* Aim of the task: Below are some records. Write out the lines from the one containing "Home Bathroom with" to the last line, word for word, leaving out pictures.

* Information provided:
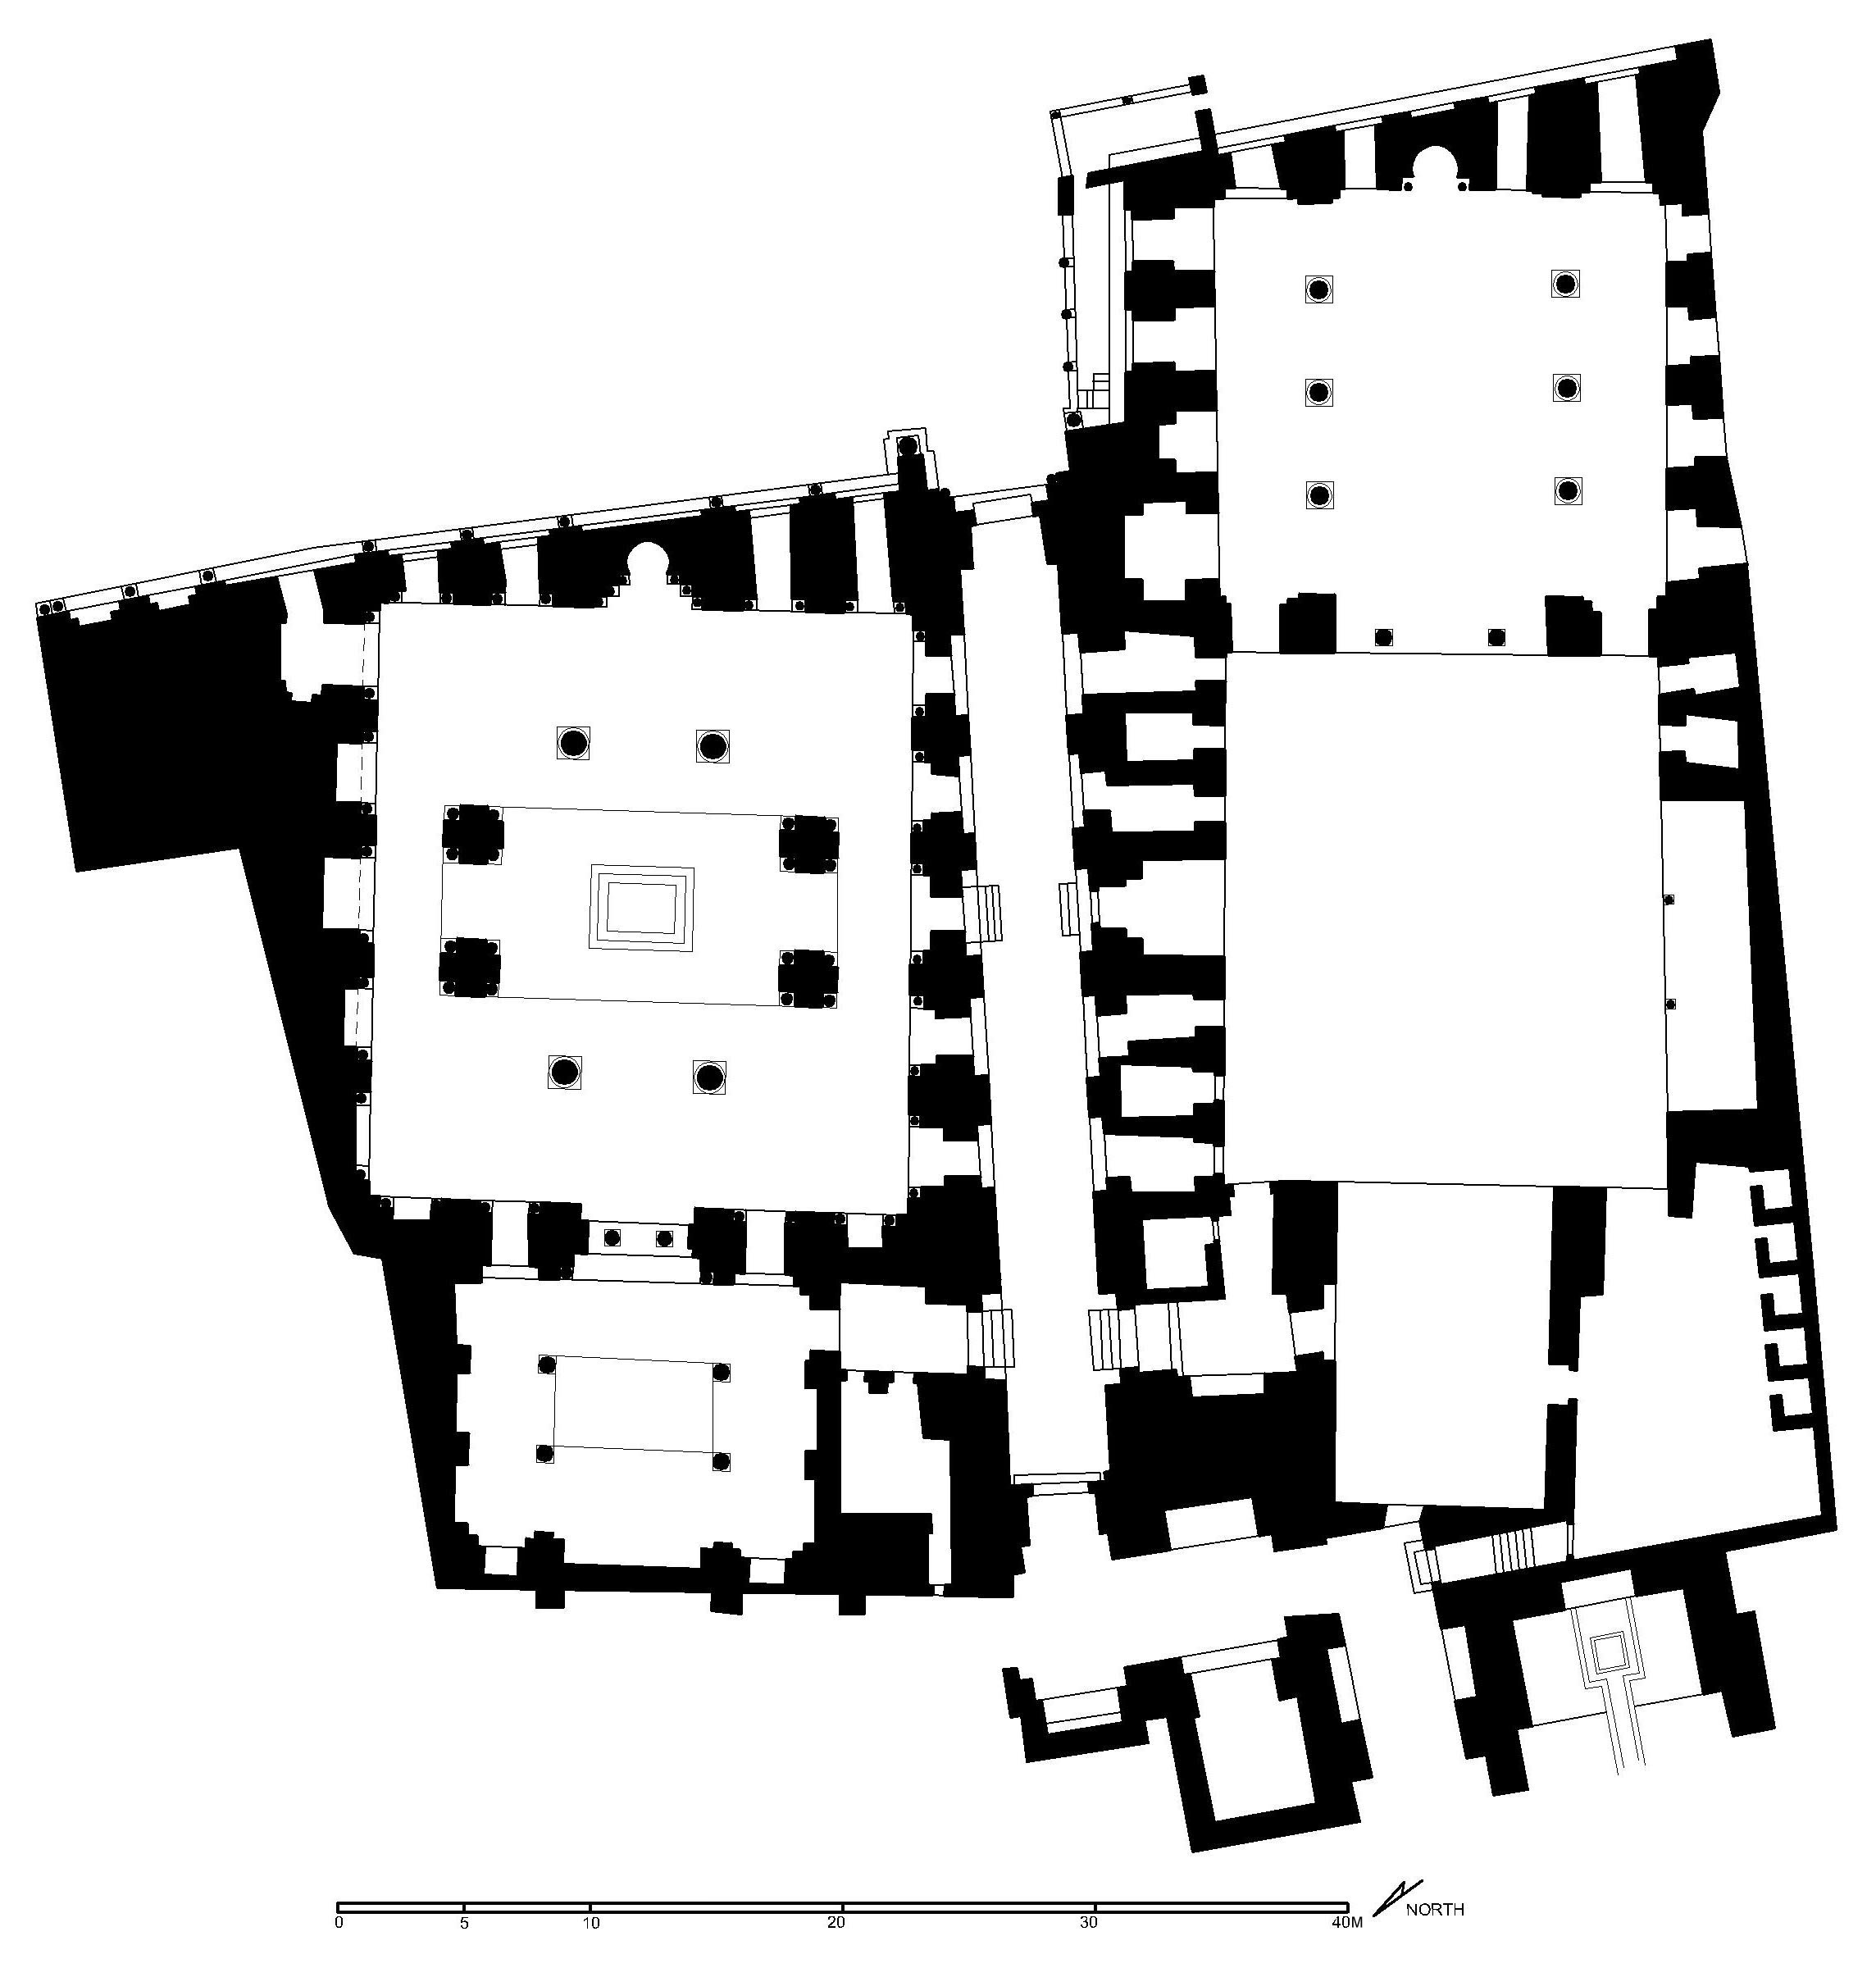 Madrasa wa Qubbat wa Bimaristan al-Sultan Qalawun - Floor plan of complex (after Meinecke) in AutoCAD 2000 format. Click the download button to download a zipped file containing the .dwg file.
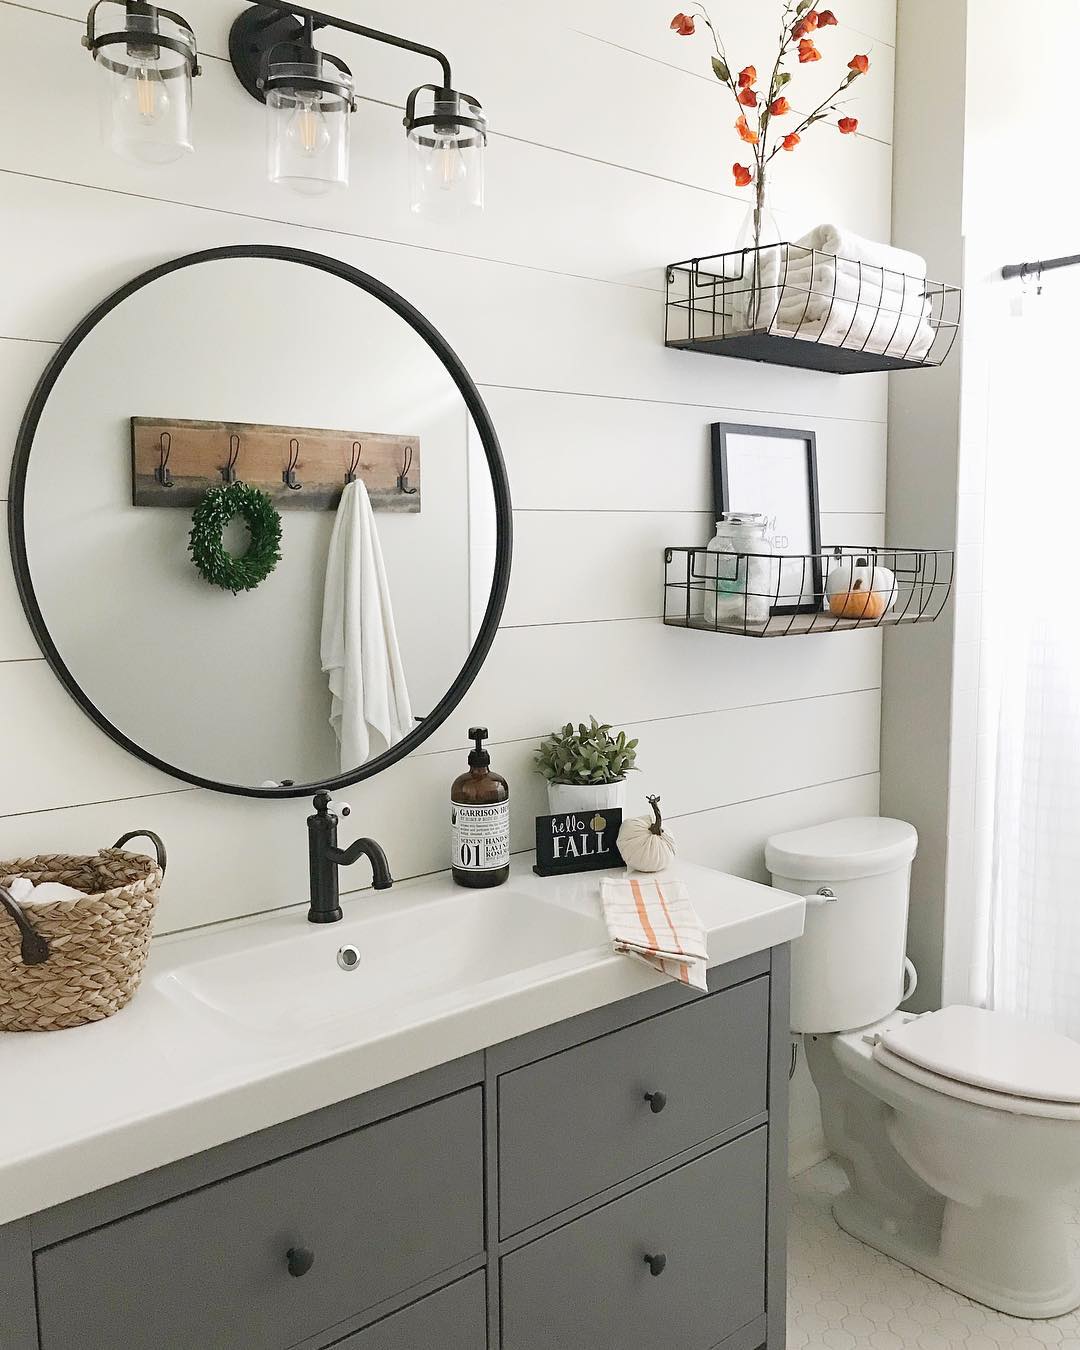 Home Bathroom with Fall Decorations and Wreaths. Photo by Instagram user @randrathome
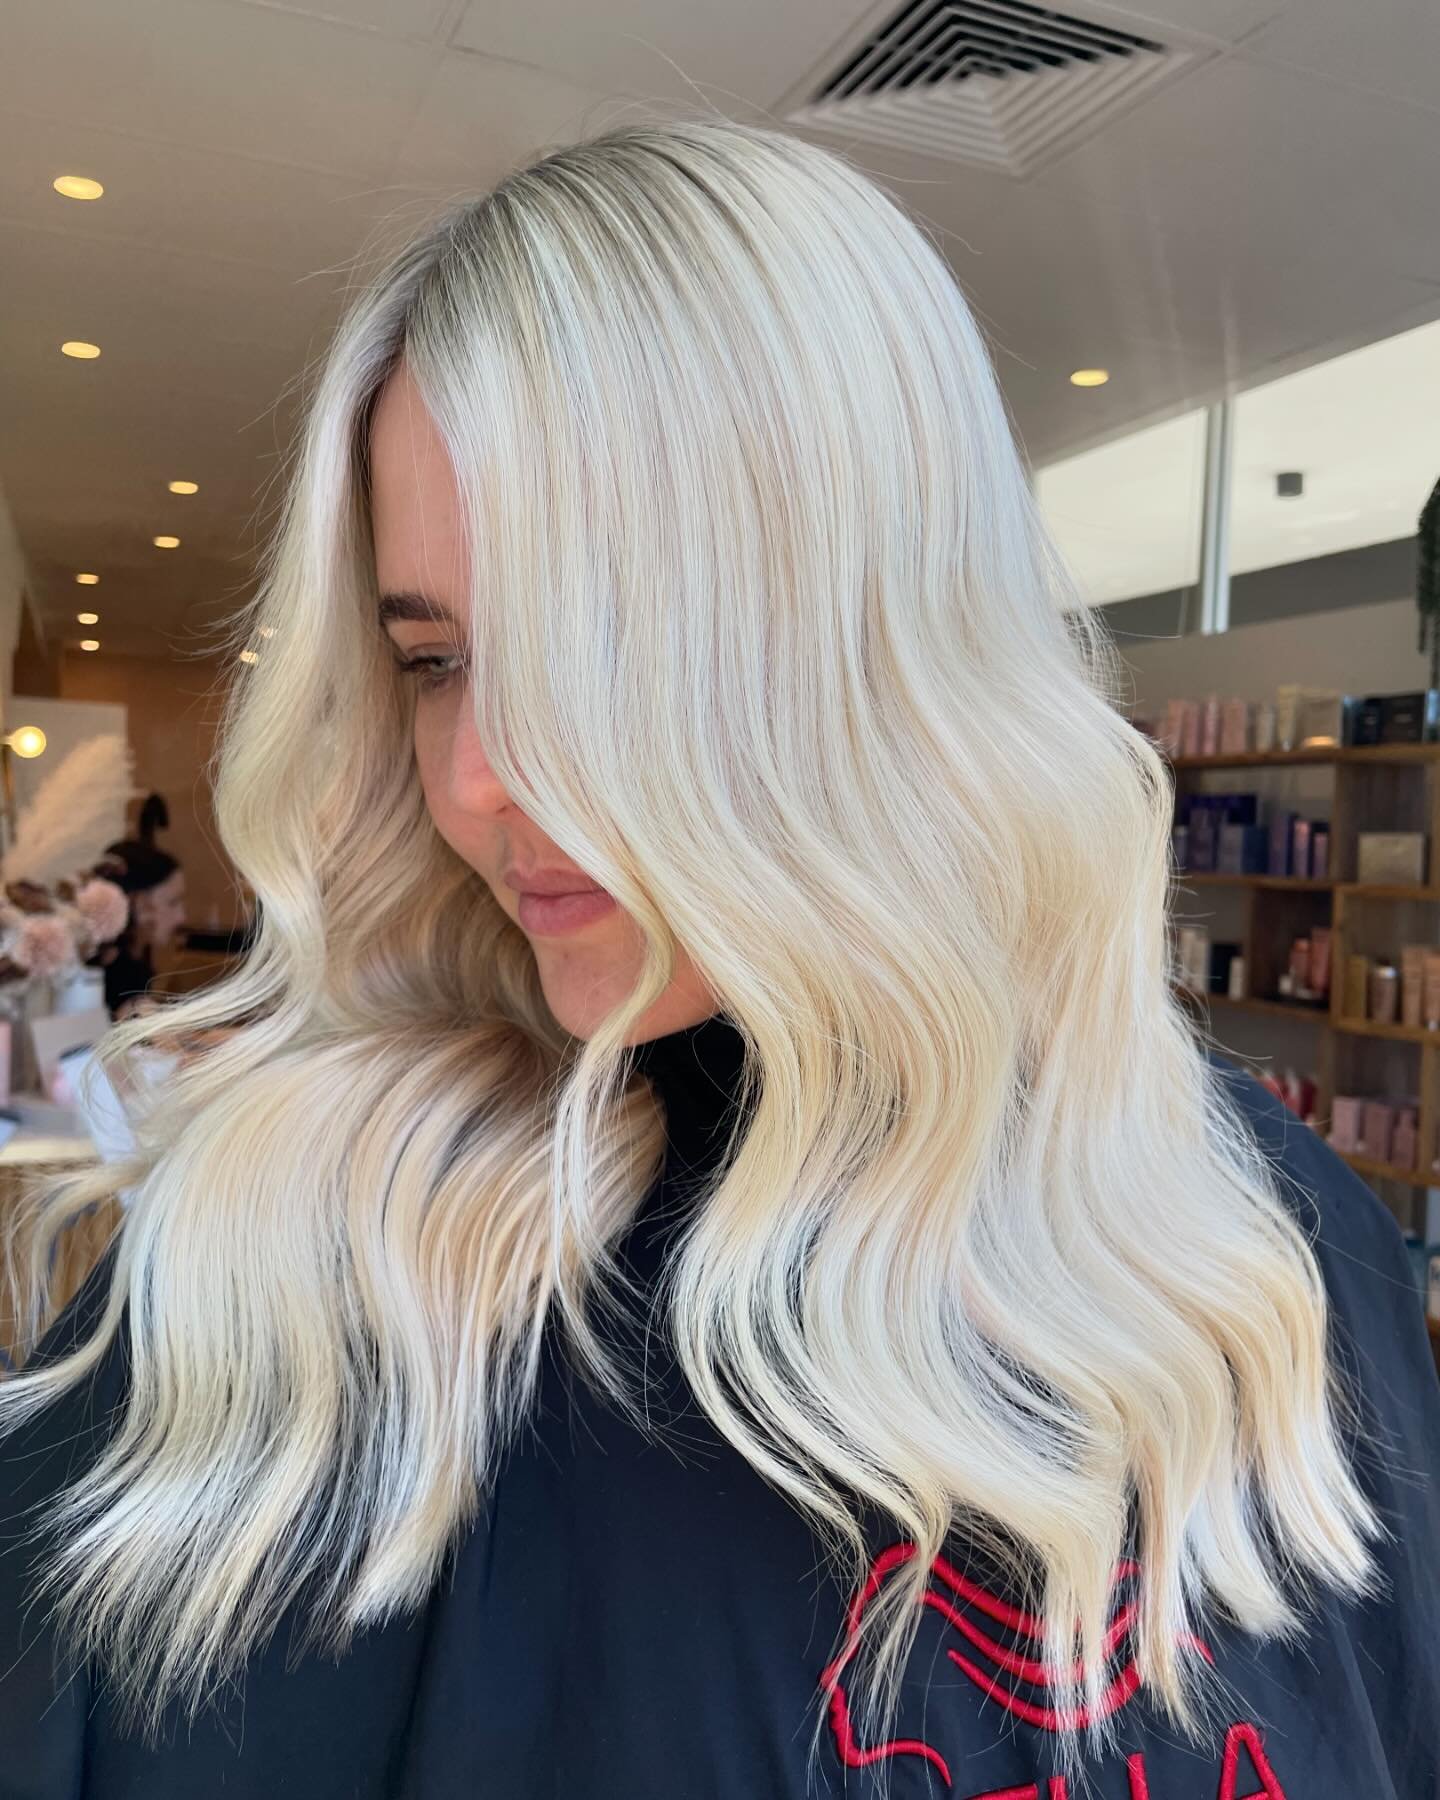 HOLLY&rsquo;S SIGNATURE 🌟We NEVER get sick of the bright, bright blondes @holly_blondee produces day after day 🤩💫

SWIPE ✨ For some of @holly_blondee&rsquo;s recent dazzling blondes. 

#blondee #brisbaneblondespecialist #brightblonde #newstead #mo

* Answer for this exercise:
 Home Bathroom with Fall Decorations and Wreaths. Photo by Instagram user @randrathome
 HOLLY&rsquo;S SIGNATURE 🌟We NEVER get sick of the bright, bright blondes @holly_blondee produces day after day 🤩💫

SWIPE ✨ For some of @holly_blondee&rsquo;s recent dazzling blondes. 

#blondee #brisbaneblondespecialist #brightblonde #newstead #mo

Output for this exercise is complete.